Monday, May 5, 2008
I was absolutely determined to hike at Radnor Lake Monday late early this evening, but I was running late; I had taken an afternoon nap I did not intend to take. Usually, upon waking from one of these, any question of hiking is immediately put to rest – I’m just not in the mood. For whatever reason, I really wanted to get out there.
Sunset was to occur at 7:40pm, which meant that darkness would overtake Nashville thirty minutes later. It was approaching 7pm already. I decided to go anyway, so I quickly packed my Camelbak and drove toward the Purple Cow.
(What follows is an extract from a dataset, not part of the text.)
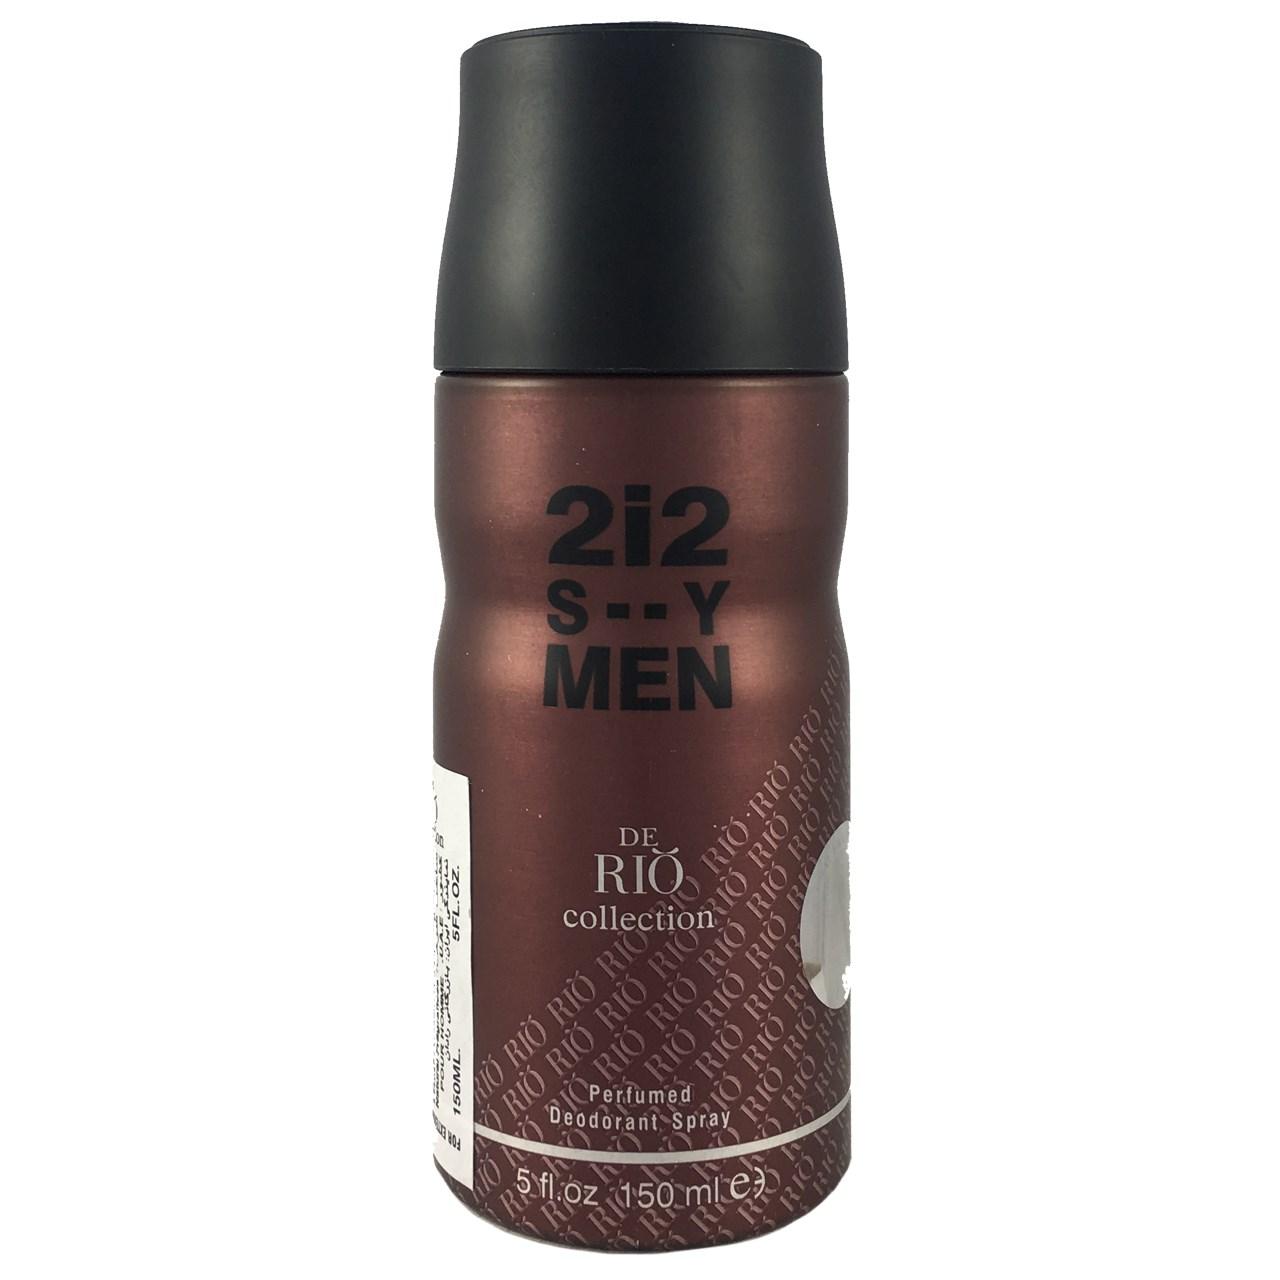 اسپری ضد تعریق مردانه ریو کالکشن مدل Rio 2i2 S..Y حجم 150ml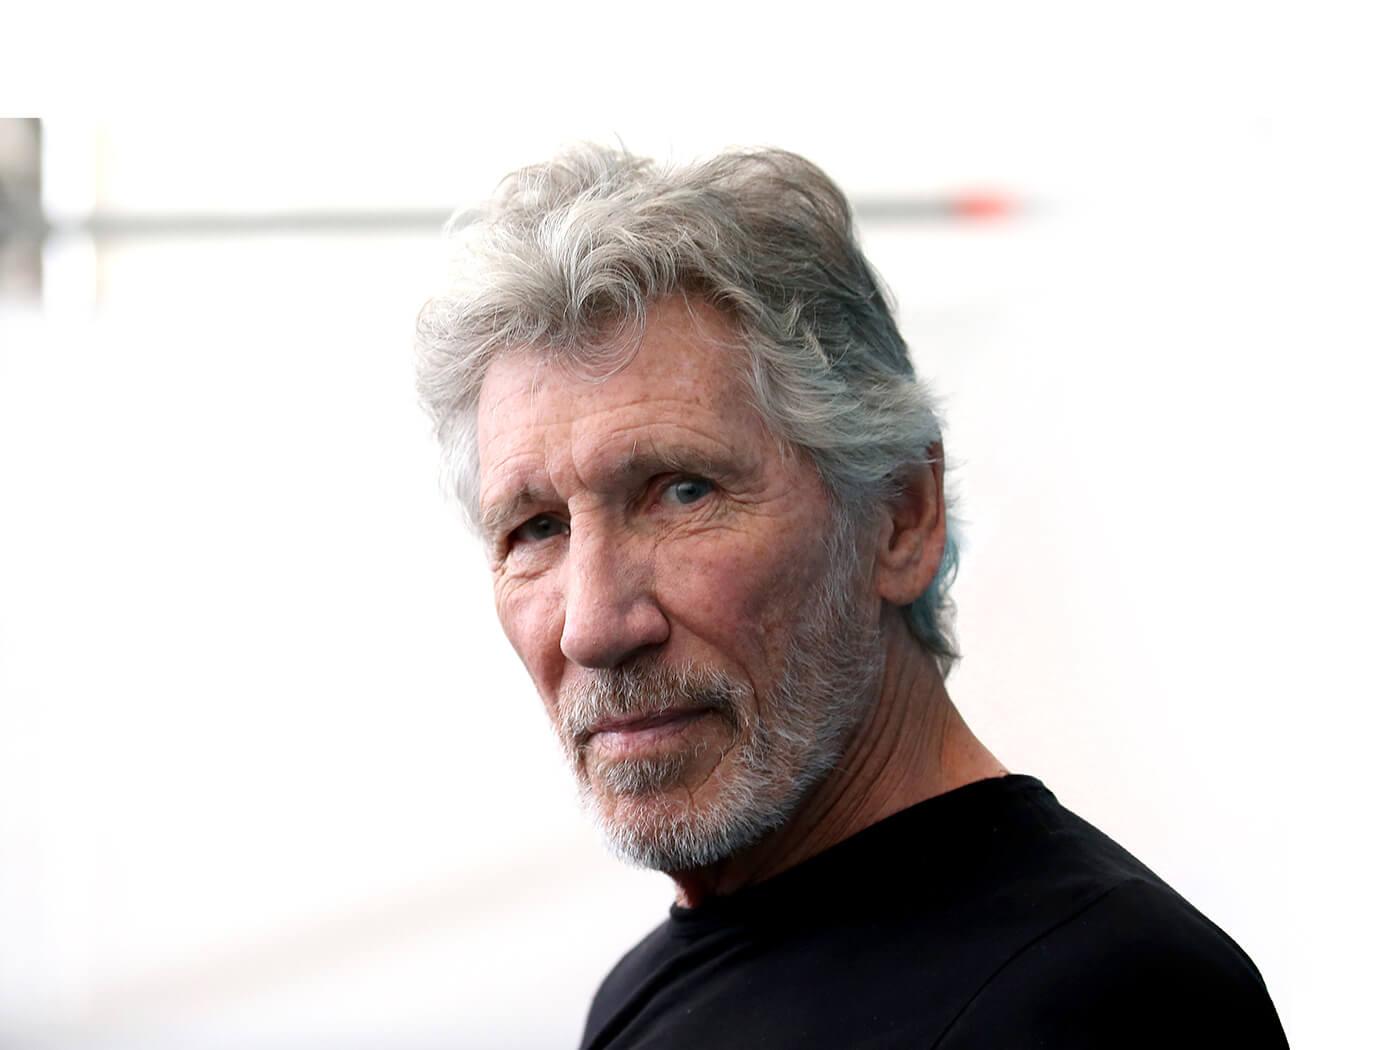 Roger Waters reignites Pink Floyd feud

I was driving a little fast, so I actually screeched the tires a bit when I slammed on the brakes. A policeman suddenly appeared in the middle of the road as I rounded the curve – the deadly curve after Tyne Boulevard but before Otter Creek, the section where Rad Stewart has a fatal accident a few years ago – and he was waving me into the subdivision on the curve; Granny White was closed.
I turned around and went another way. I came very close to scrapping the hike, for it was getting very close to sunset; however, I remained determined. I drove a long way around – all the way to Hillsboro on Tyne, and then left onto Otter Creek, and parked in the church parking lot next to the Purple Cow. I positioned my armband-bound iPod, started listening to an audiobook I purchased the other day (The Power of Now by Eckhart Tolle), but on my boots, and walked up Otter Creek Road to Radnor Lake.
I passed two park rangers near the start of my walk, half-expecting them to ask why or how I was planning to hike when it is so close to closing time (“dark”), but of course they did not.
At first it was a wonderful walk. I loved the whole time between sunset and darkness; however, once I reached the back side of the Lake Trail – after the Ganier Ridge fork but before it curves back around to Otter Creek Road – I actually started to frighten myself a bit with fleeting thoughts of random weirdnesses.
But the only time I actually jumped and felt a surge of adrenaline was when, for some strange and embarrassing reason, my own shadow scared the crap out of me…sad, but true!